Le sioniste Margolin face aux adversaires de la Pologne du colonel Beck

Pour effectuer un rapide séjour dans la région Est de l’ancienne Pologne, et plus précisément à Bialystok qui avait d’abord été occupée par les troupes allemandes avant que celles-ci ne dussent se retirer devant les Soviétiques appuyés sur les accords secrets annexés au pacte germano-soviétique, Julius Margolin se sera cru dans la situation de devoir usurper une identité professionnelle capable de lui ouvrir certains accès. C’est lui-même qui en fait l’aveu :
« […] m’approchant de la milice ferroviaire, je déclarai que j’étais un chirurgien convoqué à Bialystok pour une opération urgente et que je devais prendre ce train. » (page 92)

Le subterfuge réussit au-delà de toutes ses espérances :
« Durant le voyage, j’eus droit à tous les égards possibles. On me donnait du « docteur ». » (page 93)

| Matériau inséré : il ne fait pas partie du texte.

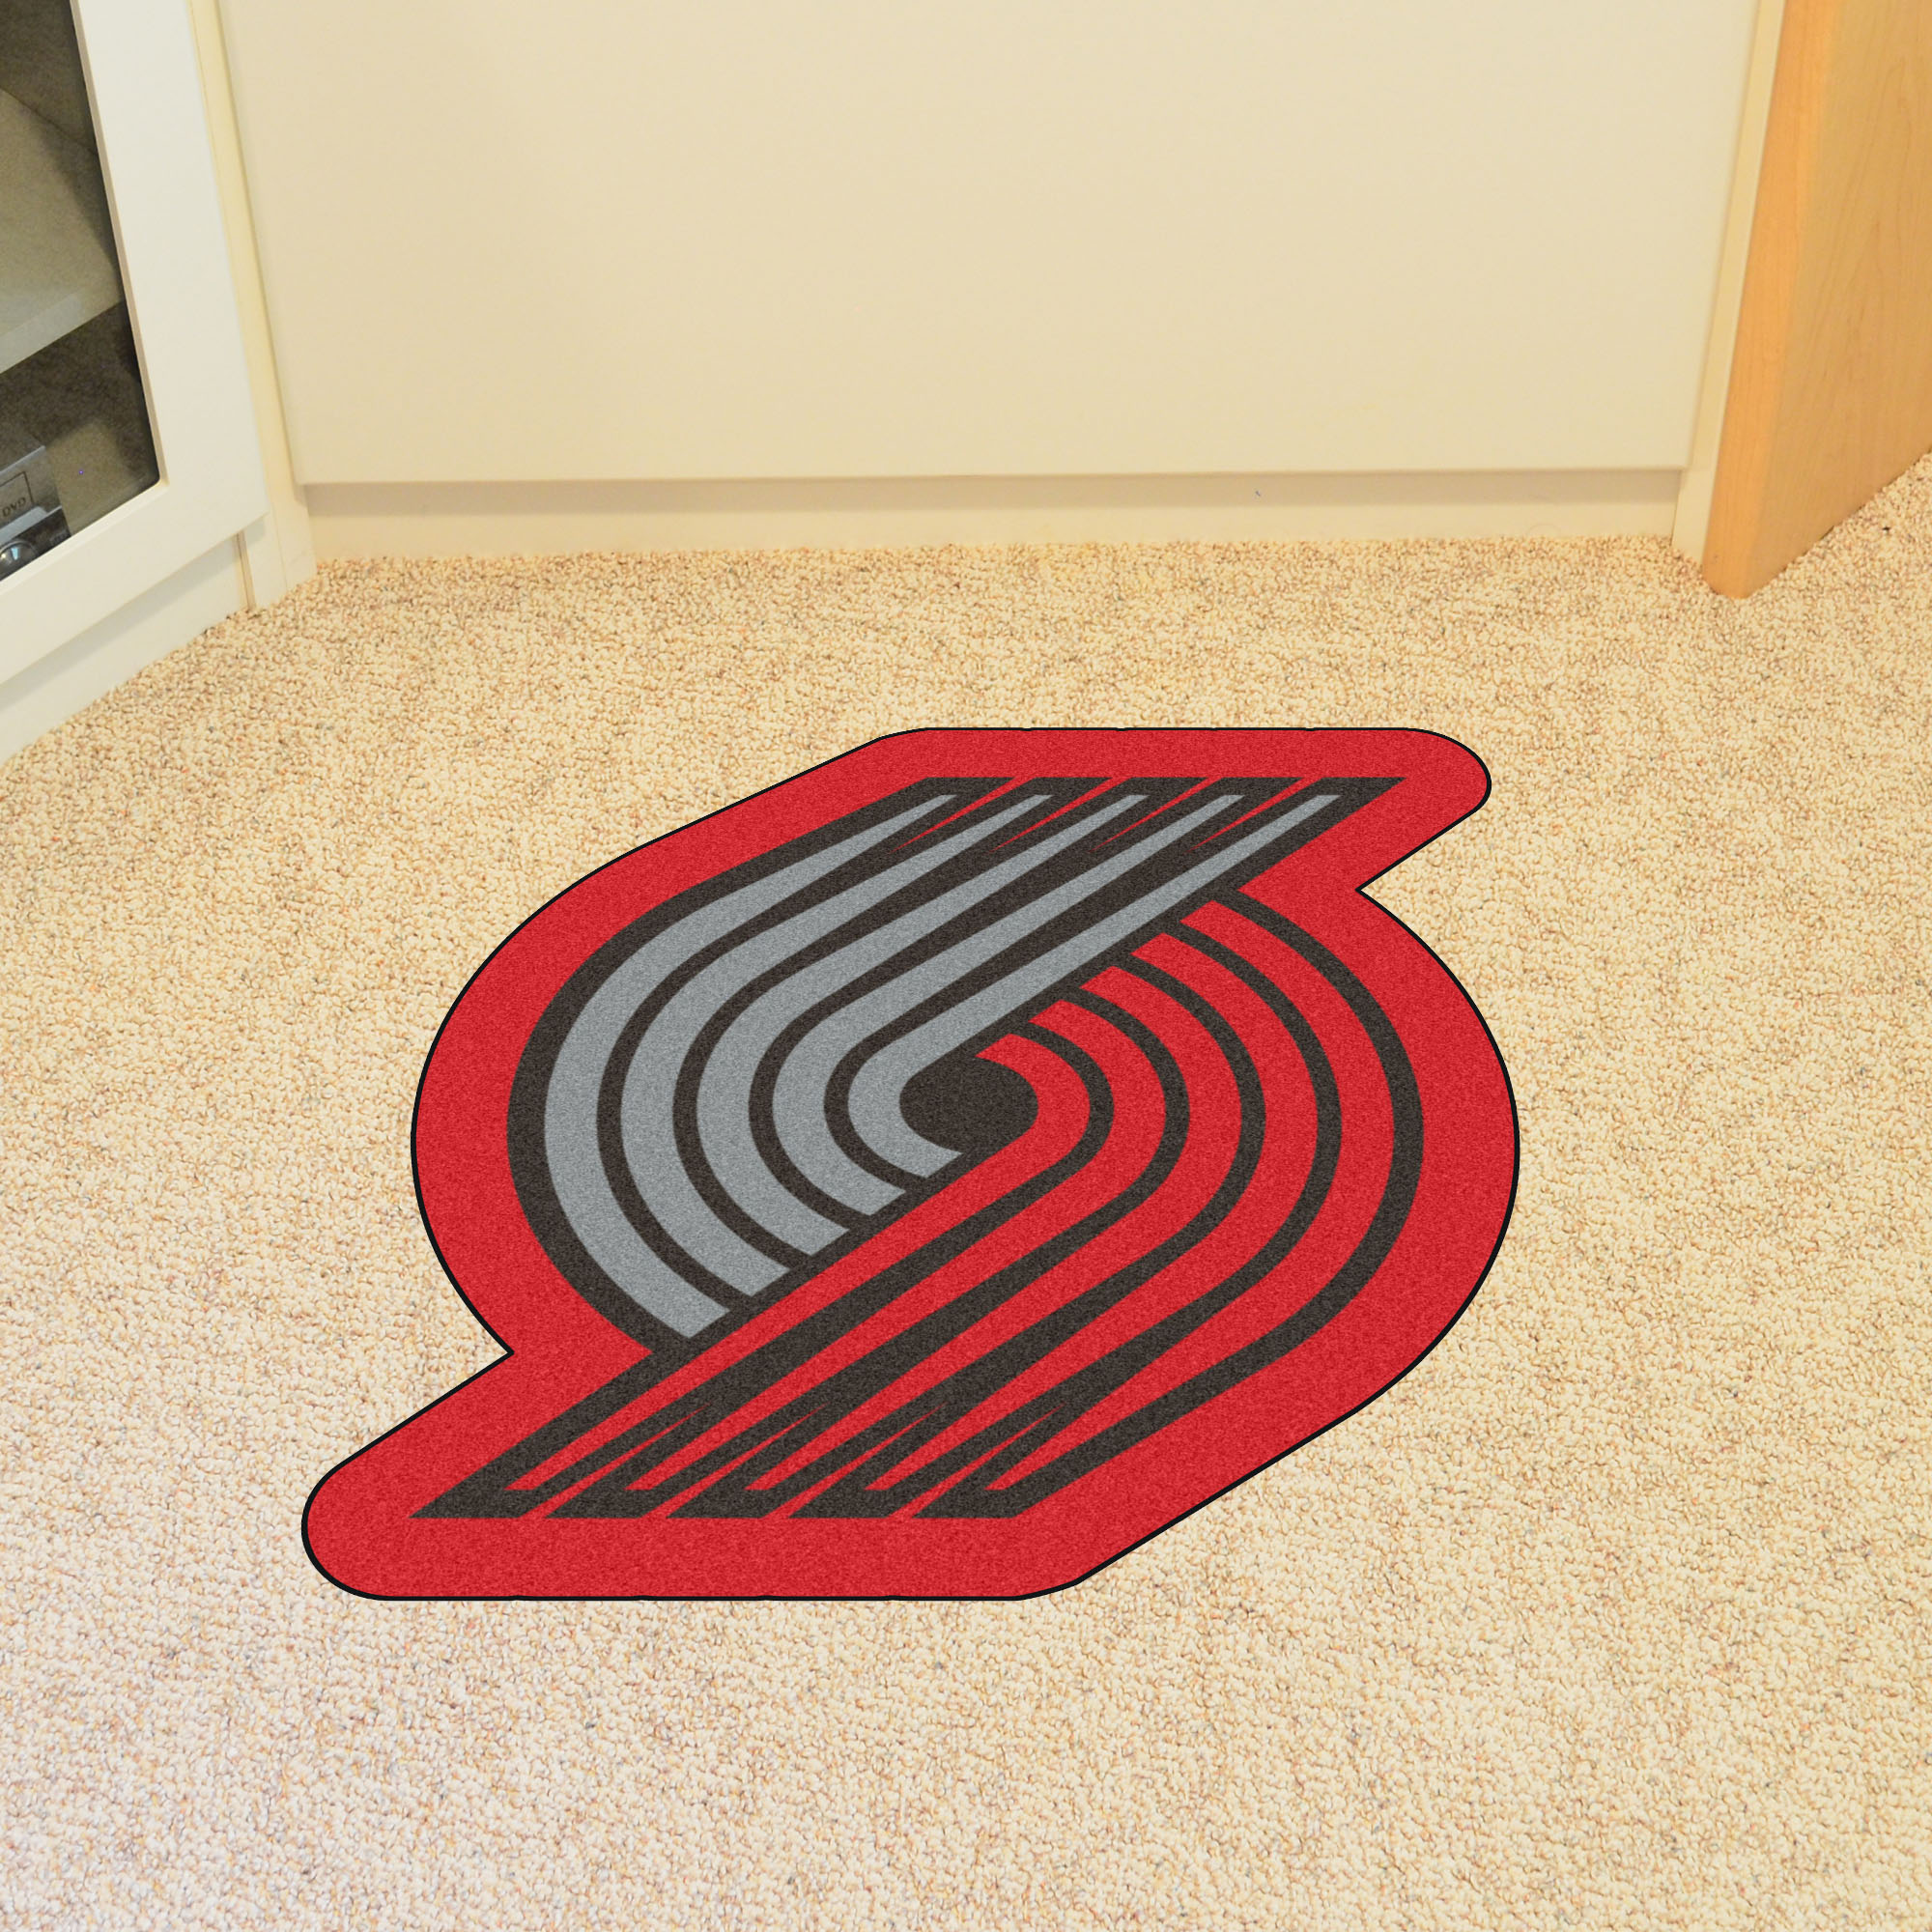 Portland Trail Blazers NBA Mascot Mat
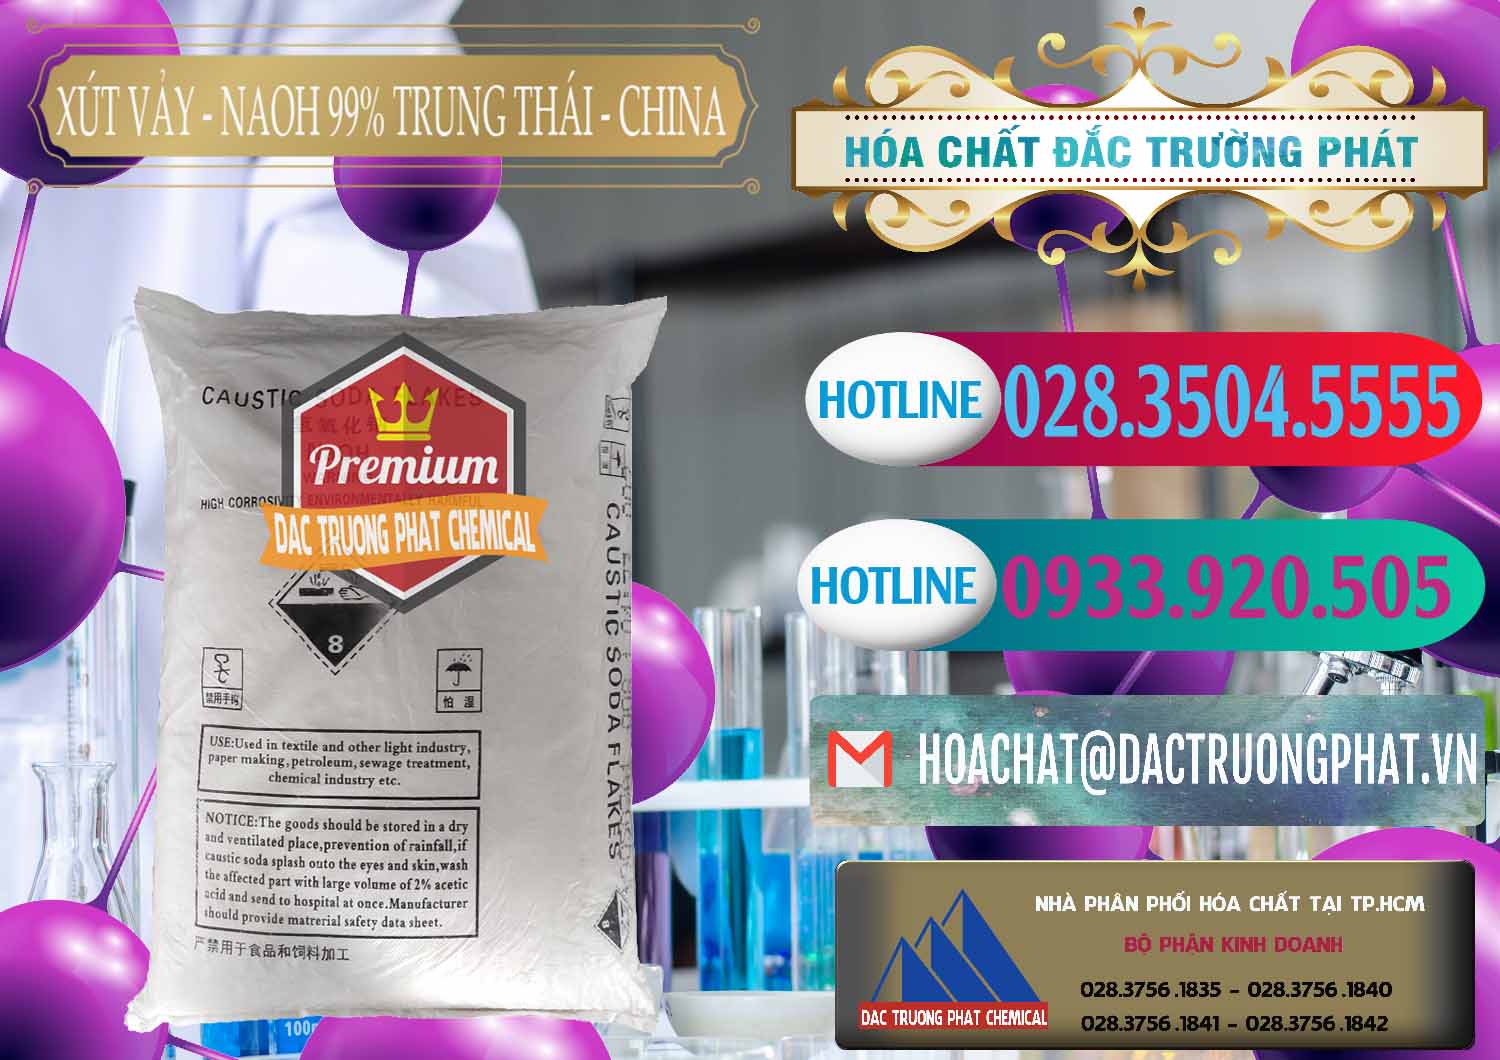 Chuyên bán _ phân phối Xút Vảy - NaOH Vảy 99% Trung Thái China Trung Quốc - 0176 - Nơi chuyên phân phối _ kinh doanh hóa chất tại TP.HCM - truongphat.vn
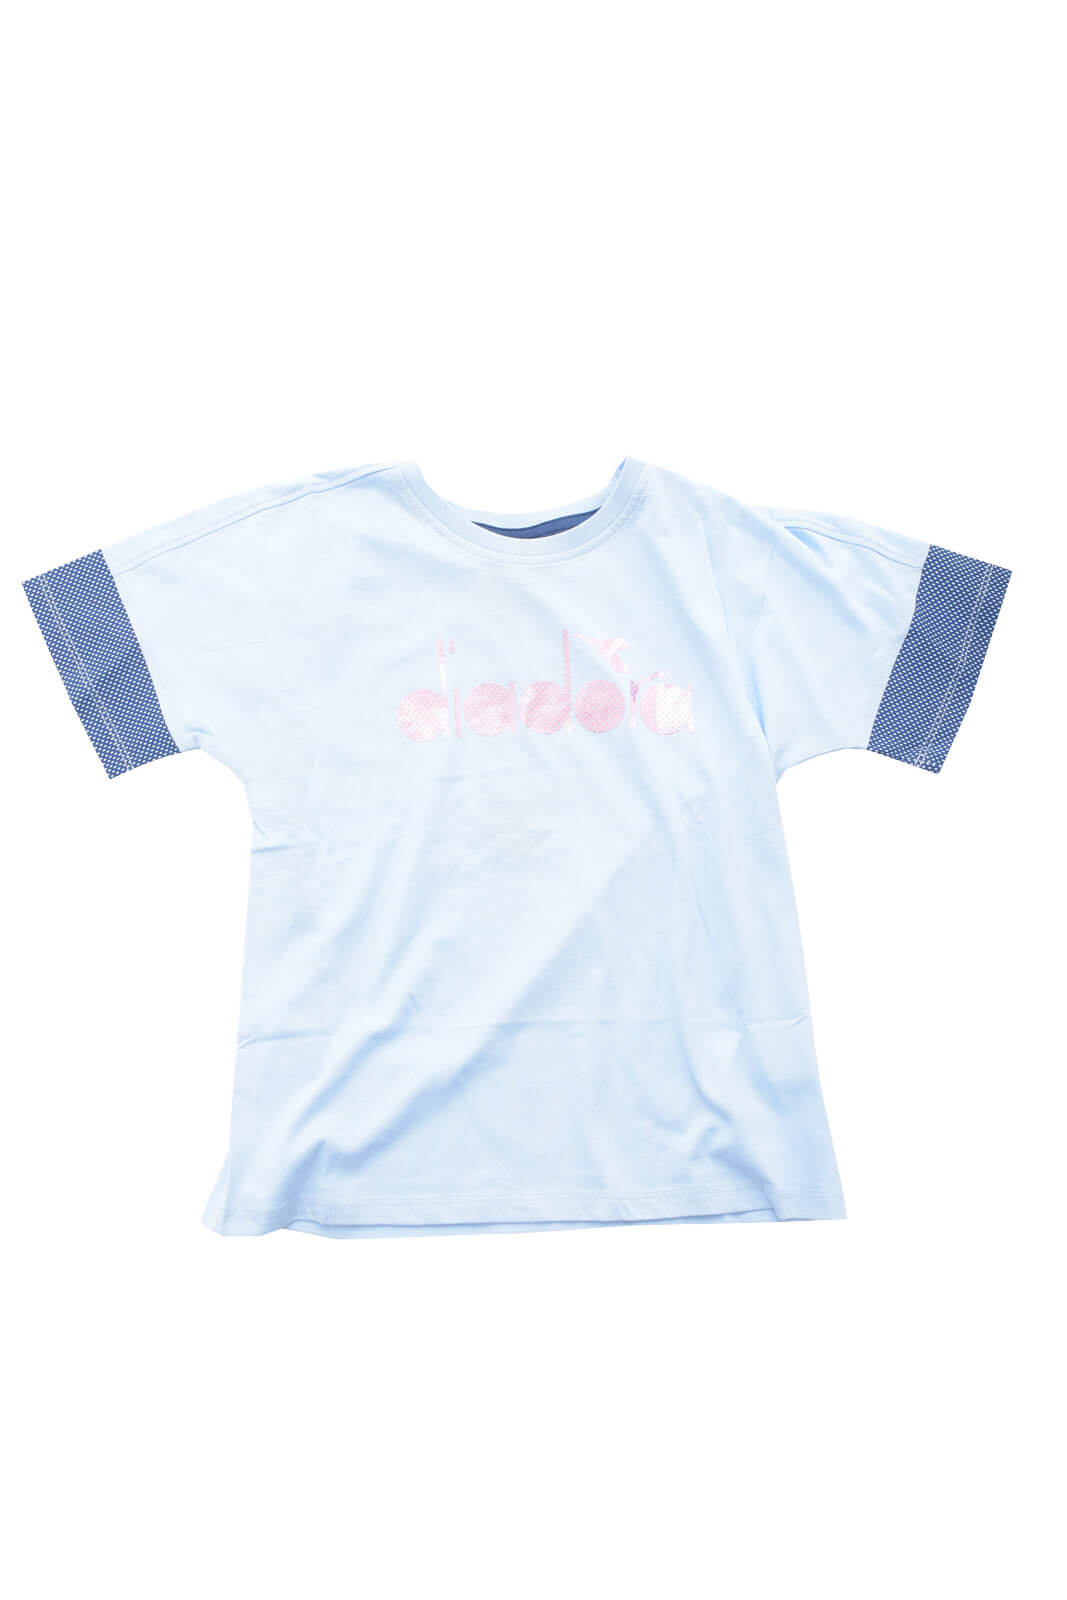 Diadora T Shirt for girls
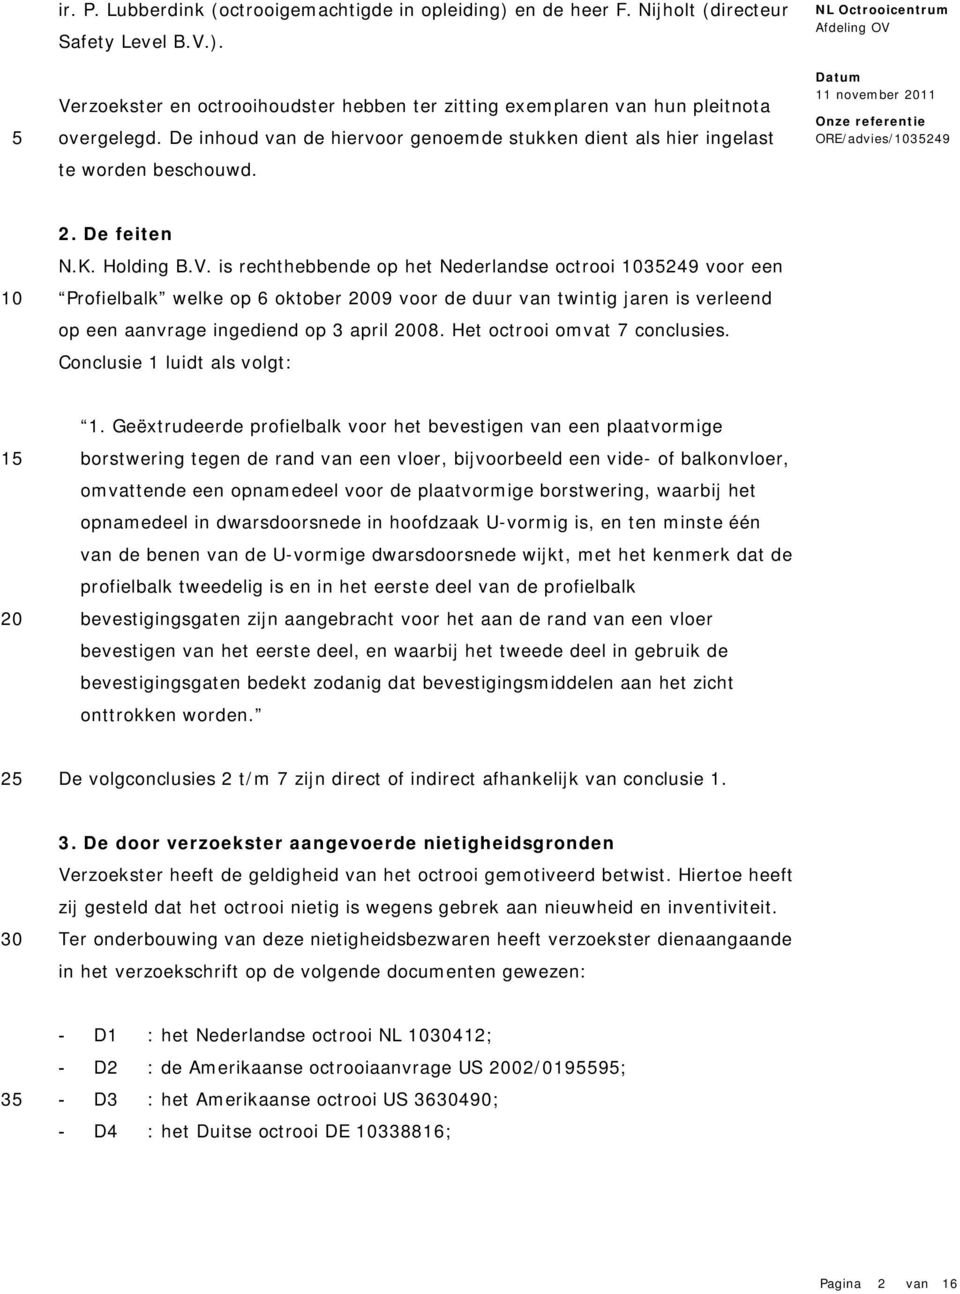 is rechthebbende op het Nederlandse octrooi 249 voor een Profielbalk welke op 6 oktober 09 voor de duur van twintig jaren is verleend op een aanvrage ingediend op 3 april 08.

Mais à Brest (anciennement Brest-Litovsk), il lui faut quitter le train qui s’y arrête pendant vingt-quatre heures : quand, ensuite, il tente de le reprendre, on le lui interdit, bien qu’il se trouve être possesseur d’un titre de transport en bonne et due forme…
« […] je finis par pénétrer sur la voie par une entrée latérale à laquelle on accédait de l’extérieur, moyennant un petit pot-de-vin. » (page 93)

Tout ceci n’était pas vraiment anodin, même si Margolin aura alors feint de le croire :
« J’ignorais que ce genre de mystification pouvait valoir des années de bagne. » (page 93)

Mais, ensuite, il saura bien se plaindre d’avoir fini par être condamné à ce genre de peine dont nous commençons à comprendre en quoi elle aura sanctionné un ensemble invraisemblable de malversations dont nous ne connaissons pas vraiment la visée de fond, mais qui nous semblent de plus en plus graves au regard de la situation internationale du temps et de la localisation géographique dans laquelle Margolin lui-même s’agite jusqu’à pouvoir apparaître comme un élément très important dans un réseau de résistance souterraine aux Soviétiques et d’accointance plus ou moins nettement recherchée avec les… nazis.

En tout cas, il est très fier de l’annoncer :
« Le 8 mars 1940, je posai le pied dans la rue Saint-Roch, à Bialystok. C’était la « Journée internationale de la Femme » et les haut-parleurs, dans les rues, transmettaient, à cette occasion, des discours de fête. Je prêtai l’oreille et je reconnus une voix féminine, aiguë : c’était celle d’Assia. » (page 93)

Or, Assia est une parente éloignée de Margolin lui-même… Mais, même si elle est juive comme lui, elle n’est pas originaire du même milieu social, et sa scolarité ne lui a pas fait perdre le fil d’un engagement politique de longue haleine :
« Elle appartenait à une famille de travailleurs. Les années estudiantines d’Assia s’étaient passées à Varsovie. Elle manquait de tout, ne mangeait pas à sa faim. » (page 93)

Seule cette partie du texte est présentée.